La force tranquille de Manon Asselin
L’architecture n’est pas un sujet de prédilection au Québec. Pour compenser (un peu), Avenues.ca vous invite à découvrir le travail d’architectes méconnus de la province. Aujourd’hui, pleins feux sur Manon Asselin.
Même s’il y a de plus en plus de femmes qui embrassent la profession d’architecte, peu d’entre elles se retrouvent à la tête d’une firme et encore moins se hissent au panthéon des starchitectes. Celles-ci travaillent trop souvent dans l’ombre. Pour preuve, on ne compte que trois femmes parmi les lauréats du prix Pritzker (l’équivalent du prix Nobel pour l’architecture) depuis 1979 et la première l’a reçu… en 2004.
Dans ce milieu encore trop fermé aux femmes, Manon Asselin se démarque. La Québécoise dirige depuis 1997 l’atelier TAG, qu’elle a fondé avec son partenaire Katsuhiro Yamazaki, en plus d’enseigner à l’École d’architecture de l’Université de Montréal. Depuis, la firme a reçu de nombreuses récompenses, dont des médailles du gouverneur général du Canada en architecture et le prix de Rome professionnel du Conseil des arts du Canada.

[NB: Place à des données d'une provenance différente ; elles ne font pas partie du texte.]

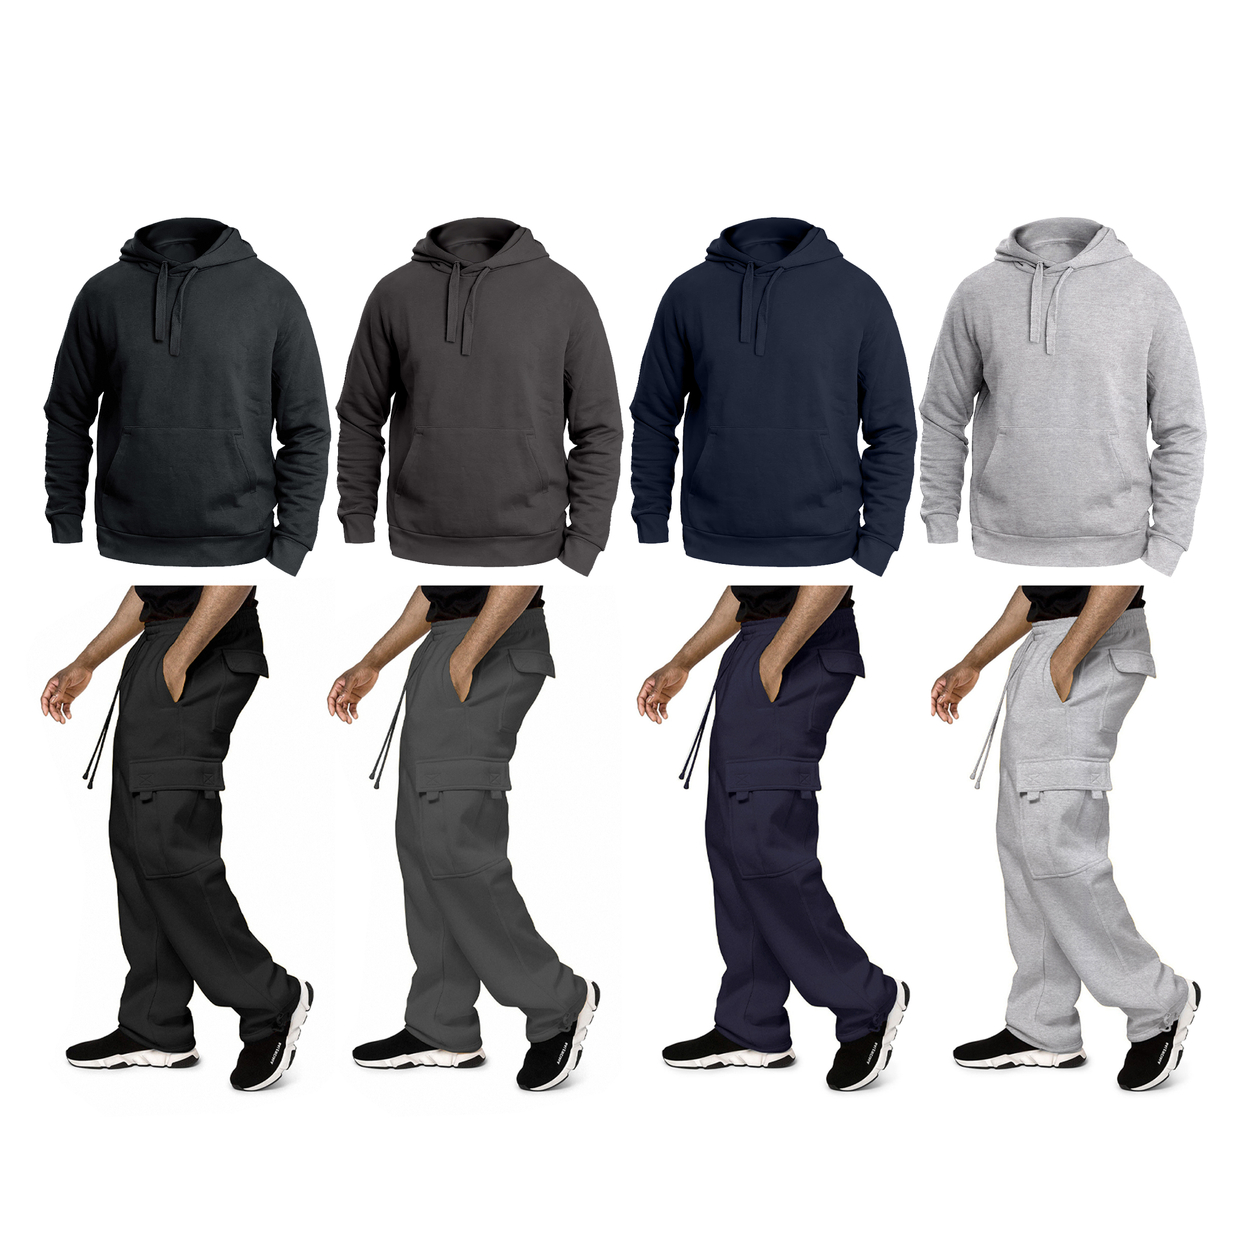 Men's Big & Tall Winter Warm Cozy Athletic Fleece Lined Multi-Pocket Cargo Sweatsuit - Black, Large

En 2012, l’Architectural League de New York a également souligné le travail du petit cabinet d’une dizaine de personnes en lui décernant le prix Emerging Voices.
Voici trois projets signés Manon Asselin.

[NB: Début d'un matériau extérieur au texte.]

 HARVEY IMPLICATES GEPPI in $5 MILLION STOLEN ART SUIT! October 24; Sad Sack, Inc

Pavillon pour la Paix du Musée des beaux-arts de Montréal (MBAM)
Le plus récent pavillon du MBAM, réalisé par Manon Asselin et Jodoin Lamarre Pratte, est une ode à la simplicité. Formé de deux volumes, le bâtiment de quatre étages se pare de verre, d’aluminium, de béton et de bois. La transparence et la lumière y occupent une place de choix.
L’imposant «escalier-événement» en chêne blanc permet aux visiteurs de déambuler à leur rythme, tout en admirant les vues sur la ville, la montagne et le fleuve. Les concepteurs ont aussi prévu de nombreux espaces de réflexion au sein du musée. L’espace sobre met en valeur les œuvres d’art. Les bâtonnets d’aluminium qui recouvrent l’édifice modulent quant à eux la lumière à l’intérieur. En soirée, le pavillon se transforme en lanterne dans la métropole. Le nouvel ajout du MBAM est probablement l’un des meilleurs legs du 375e anniversaire de Montréal, un leg qui a été non seulement inauguré dans les temps, mais également sans dépassement de coûts.
Théâtre Gilles-Vigneault
Conçu encore une fois en consortium avec Jodoin Lamarre Pratte, le Théâtre Gilles-Vigneault est un nouveau lieu de rassemblement pour les citoyens de Saint-Jérôme. C’est d’abord l’impressionnant plafond en bois du parvis et du foyer principal qui capte le regard. «L’utilisation du bois dans sa structure célèbre le patrimoine naturel de la région par la mise en valeur de l’imposante forêt des Laurentides, un important matériau identitaire du Québec», explique Manon Asselin.
La salle de spectacles de 875 places est chaleureuse grâce à son enveloppe de chêne blanc. La façade vitrée ouvre l’édifice sur la ville, alors que l’aluminium lui donne une touche moderne tout en permettant au bâtiment de se fondre dans le paysage. Les architectes ont aussi intégré plusieurs éléments de développement durable, comme l’utilisation de l’énergie géothermique.
Dôme de l’oratoire Saint-Joseph
La dernière phase de rénovation de l’oratoire Saint-Joseph a été confiée à Atelier Tag et à Architecture49 plus tôt cette année. Le concept de Manon Asselin et de James Bridger donnera accès au dôme de la basilique, plus spécifiquement entre les dômes inférieur et supérieur. Les architectes ont imaginé une ascension qui se fera par le biais d’un escalier «assez vertigineux» de plus de 1000 marches.
Un drapé en acier guidera les visiteurs jusqu’au sommet. Ce voile métallique, étalé tout au long du parcours, servira de fil d’Ariane et reliera les différents espaces. «On scénarise et on chorégraphie l’émotion avec un matériau très simple», a résumé Manon Asselin au Devoir. Du lanternon, on aura une vue à 360 degrés sur Montréal. La descente se fera pour sa part en douceur, avec une rampe autour du dôme qui conduira au musée de l’Oratoire. La plus haute fenêtre sur la ville s’annonce comme un pèlerinage qui vaudra le détour (et l’effort).